Abstract:
Mycobacterial species are one of the most important pathogens and among these members of non-tuberculous mycobacteria (NTM) and mycobacterial tuberculousis complex (MTC) are the causative agent of a relatively milder form of Tuberculosis. Traditional methods for identification of these groups of pathogens are time consuming, lack specificity and sensitivity and furthermore lead to the misidentification due to high similarity index. Therefore, more rapid, specific and
cost-effective methods are required for the accurate identification of Mycobacterium species in routine diagnostics.
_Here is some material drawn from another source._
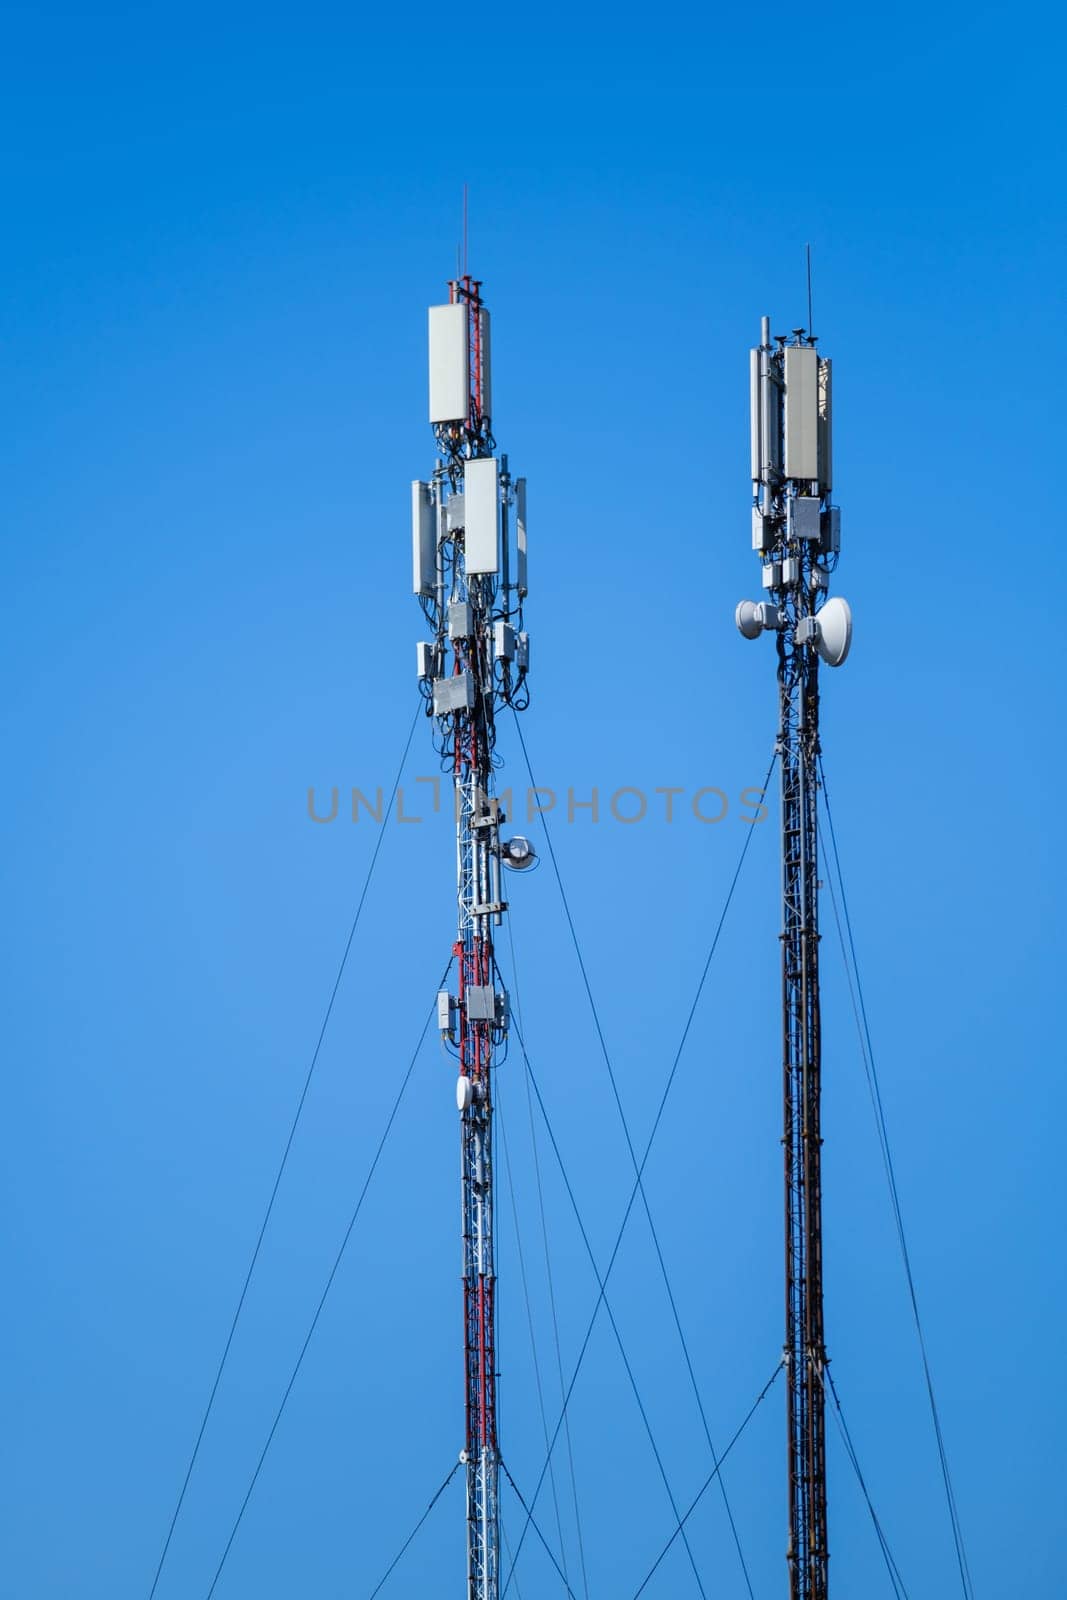 Technology of telecommunication GSM 5G,4G,3G tower. Cellular phone antennas on a building roof. Receiving and transmitting stations with blue skies on the background.

In our study, we identified molecular markers in order to differentiate closely related cousin species of genus Mycobacterium including M. bovis, M. avium, M. leprae and M. tuberculosis. The nucleotide sequences of selected unique markers, i.e., enzymes (used previously in various biochemical tests for the identification of M. species) were selected and their ORFs were retrieved and selected functional proteins of respective biosynthetic pathways were compared in-silico. Result suggested that the variations in nucleotide sequences of the selected enzymes can be directly used for M. species discrimination in one step PCR test. We believe that the in-silico identification and storage of these distinctive characteristics of individual M. species will help in more precise recognition of pathogenic strains and hence specie specific targeted therapy.